Problem statement.
Leaving the pictures aside, return the listing exactly as it appears.

Information provided.

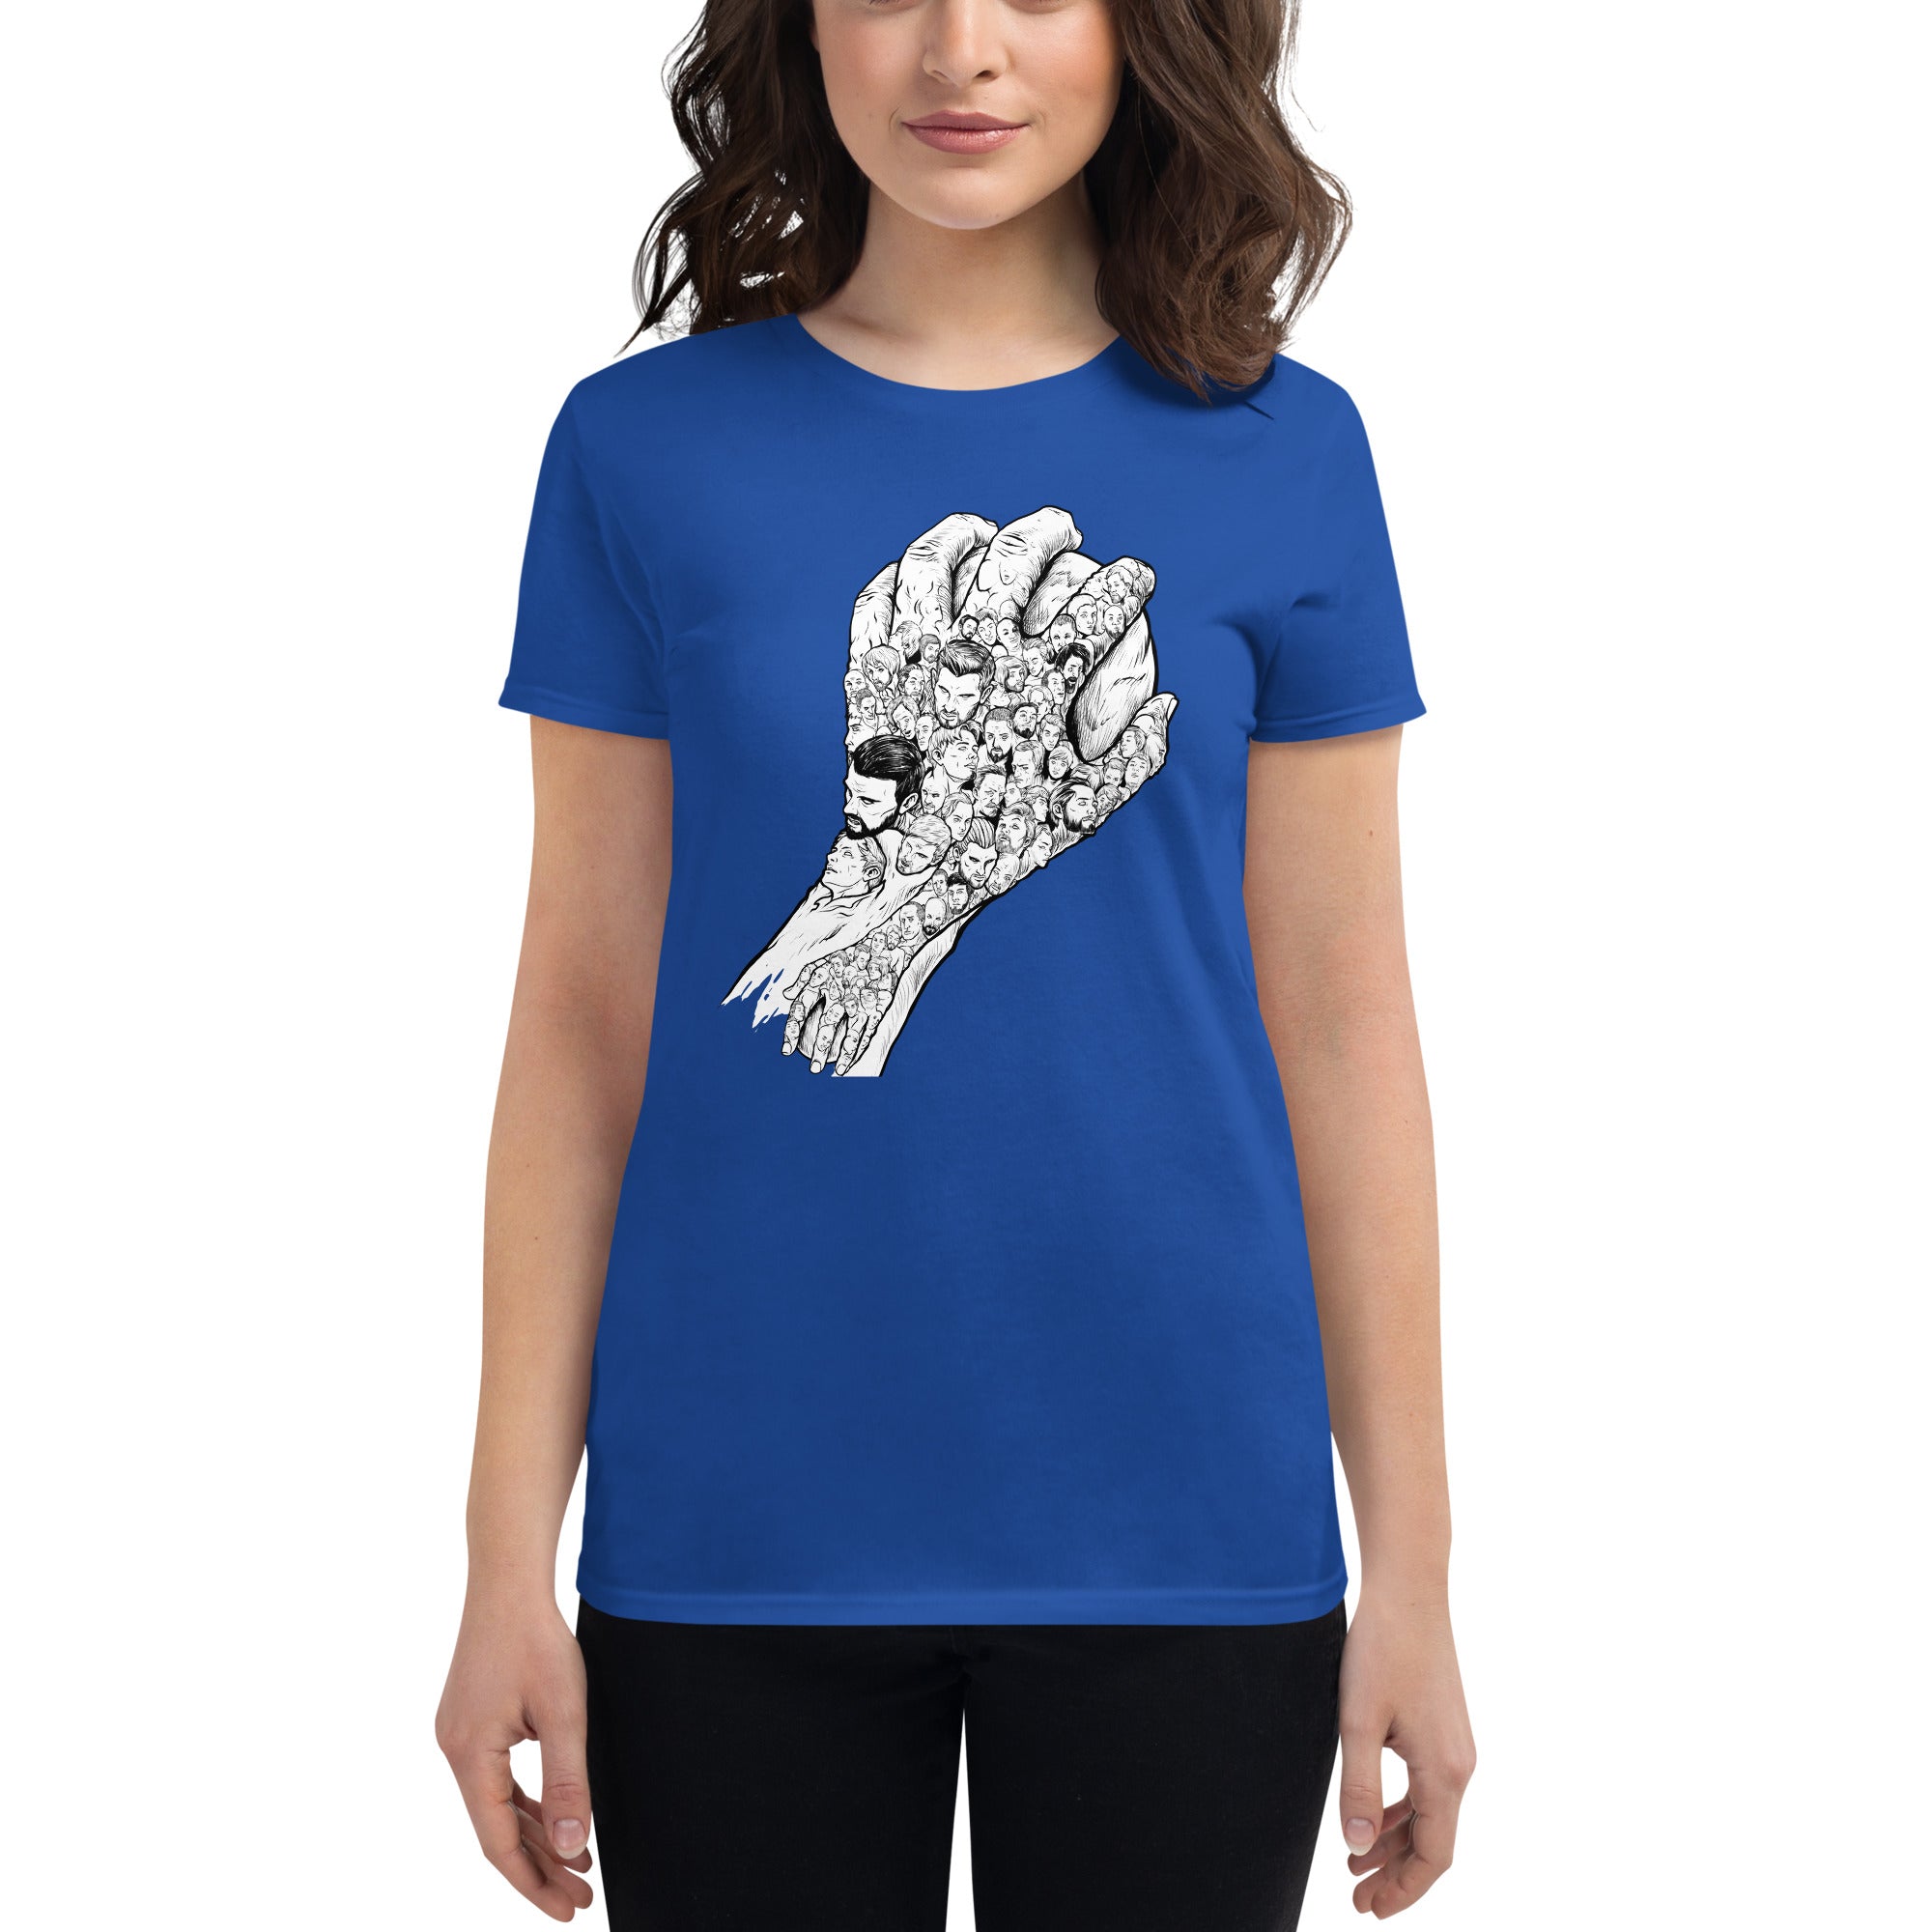 Hand and Face Women's short sleeve t-shirt
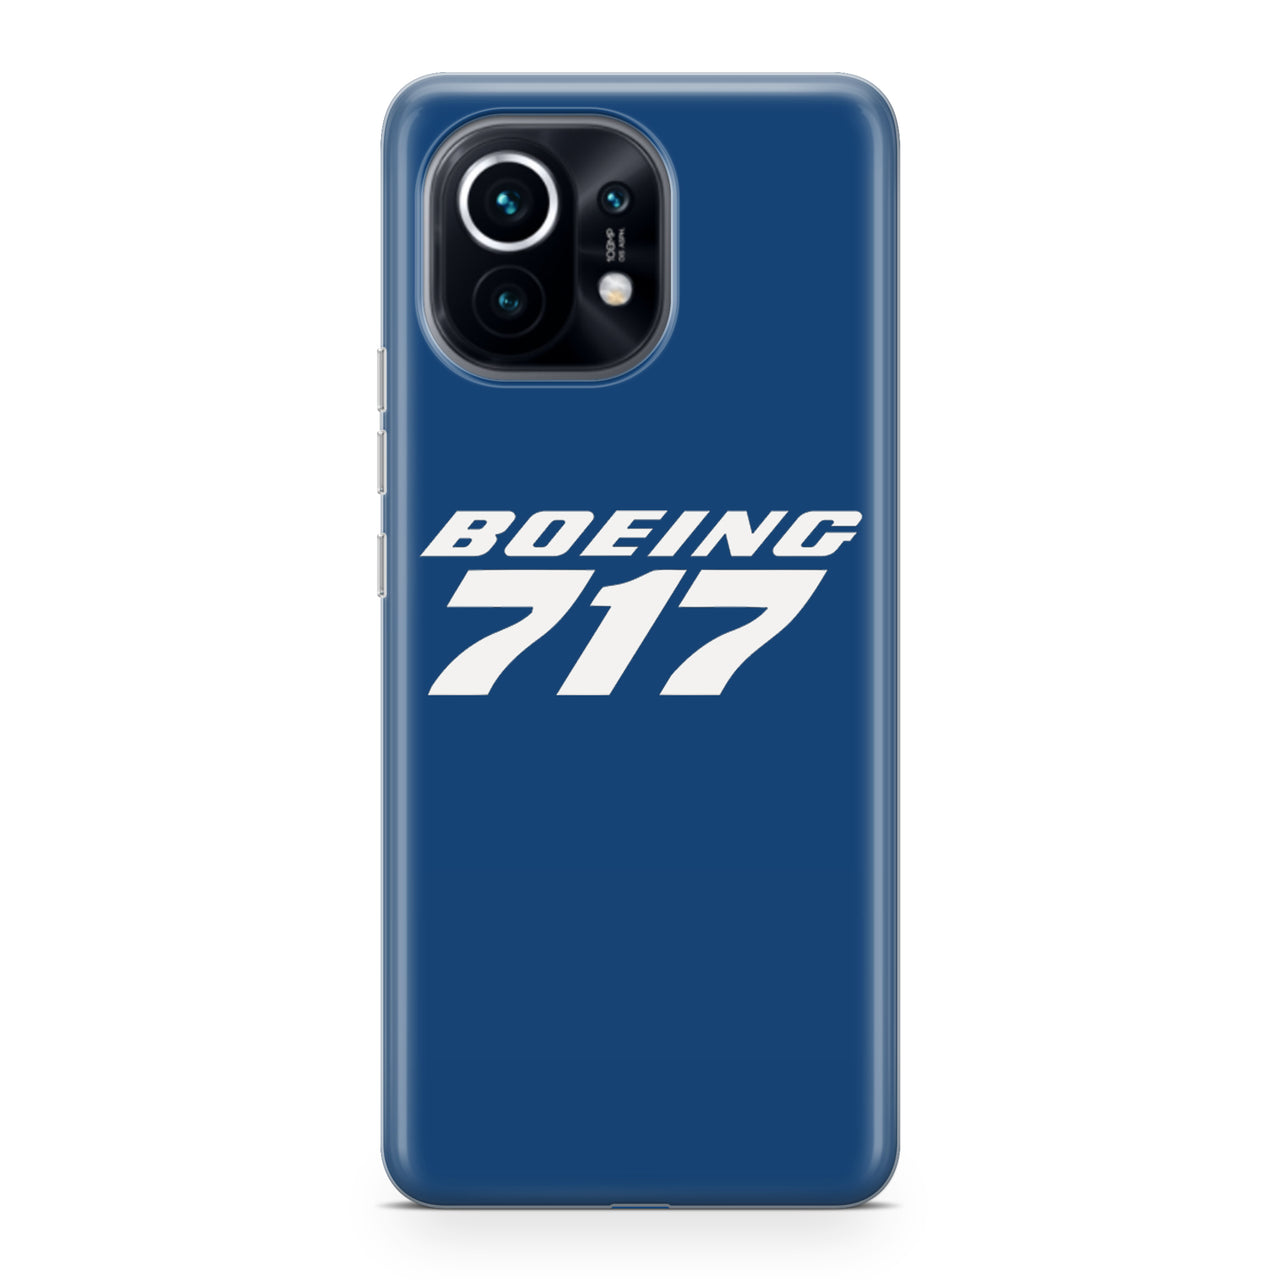 Boeing 717 & Text Designed Xiaomi Cases
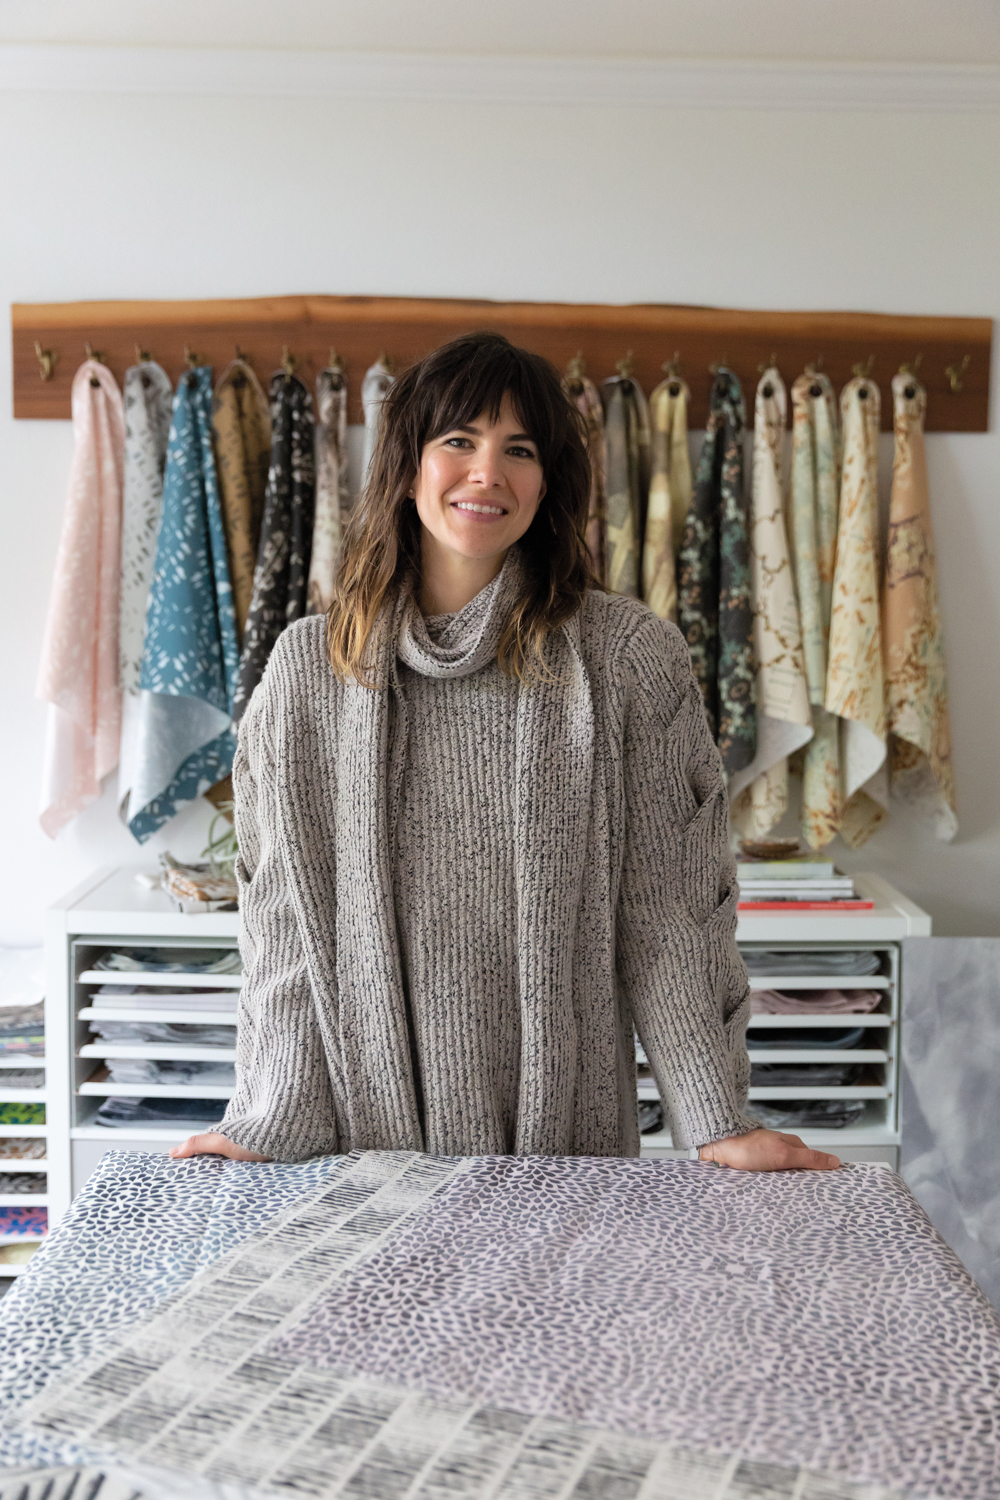 Portrait of artist and designer Kate Miller in her textile studio.
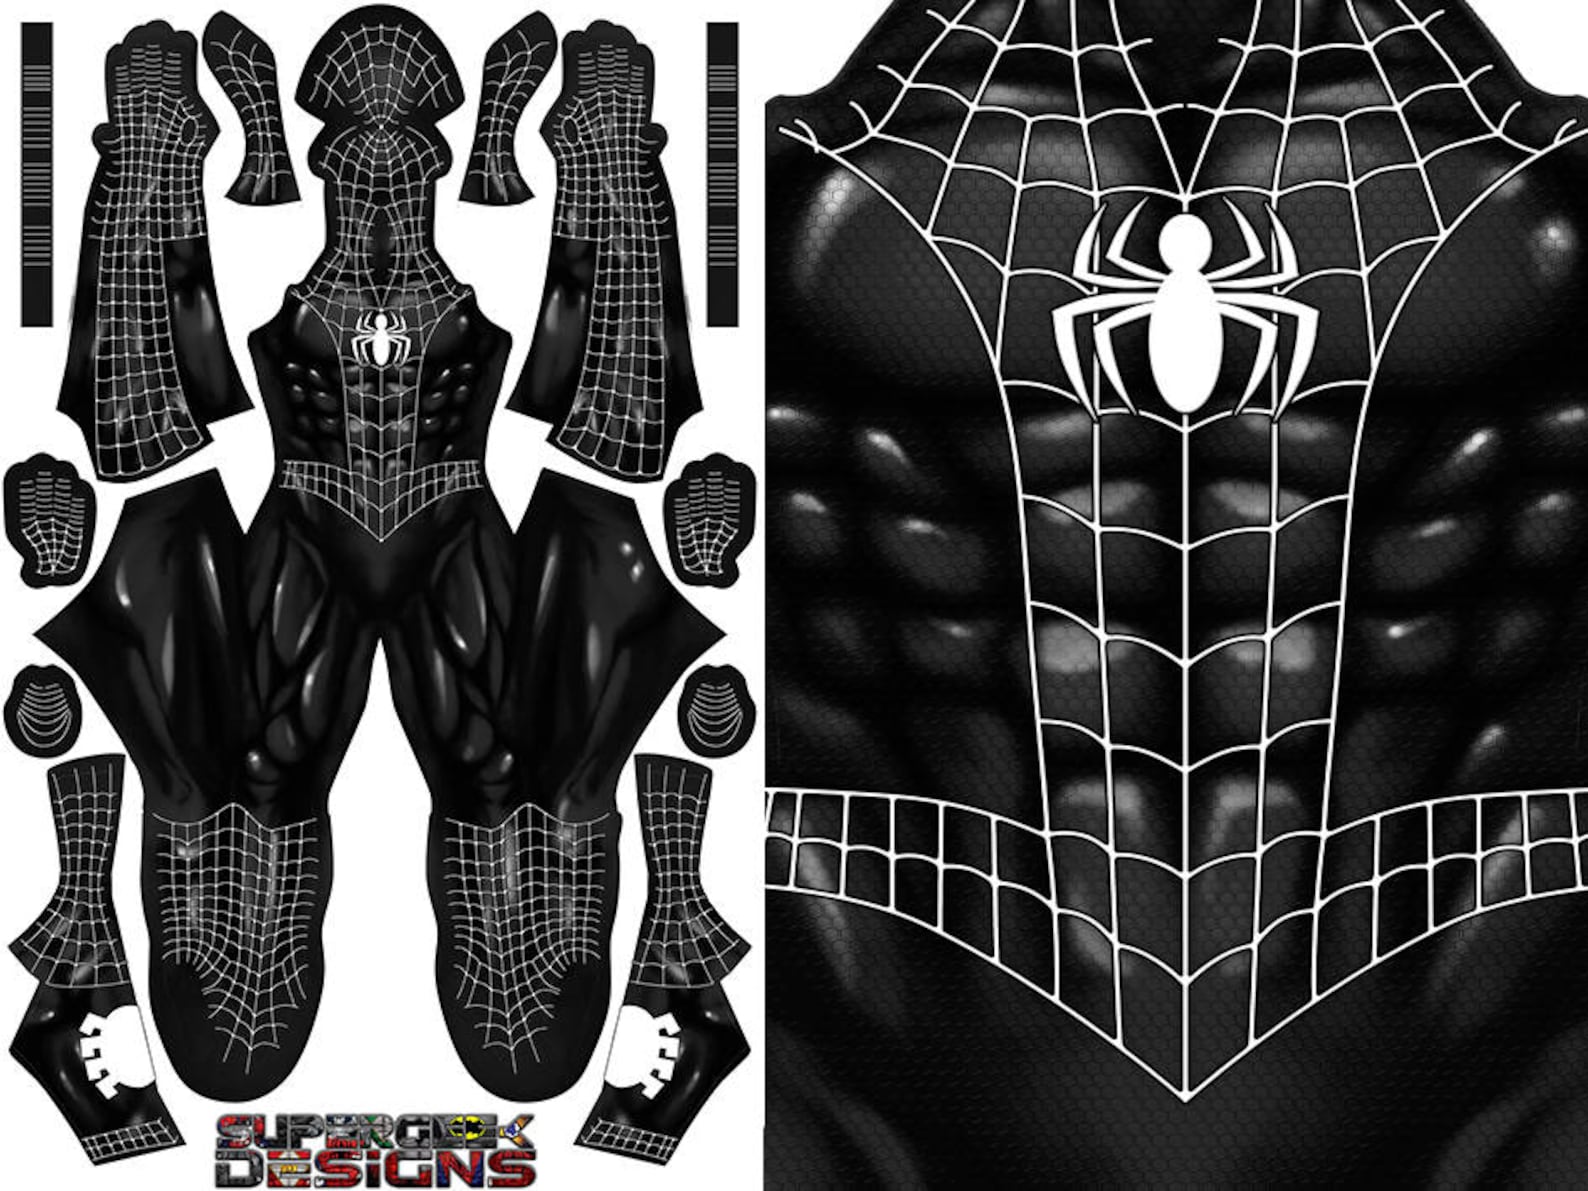 Spider man узор Sam Raimi. Развёртка маски человека паука Сэма Рейми. Раскройка костюма человека паука. Spider man Symbiote Suit Comics.

Solution.
 Hand and Face Women's short sleeve t-shirt
 Boeing 717 & Text Designed Xiaomi Cases
 Portrait of artist and designer Kate Miller in her textile studio.
 Spider man узор Sam Raimi. Развёртка маски человека паука Сэма Рейми. Раскройка костюма человека паука. Spider man Symbiote Suit Comics.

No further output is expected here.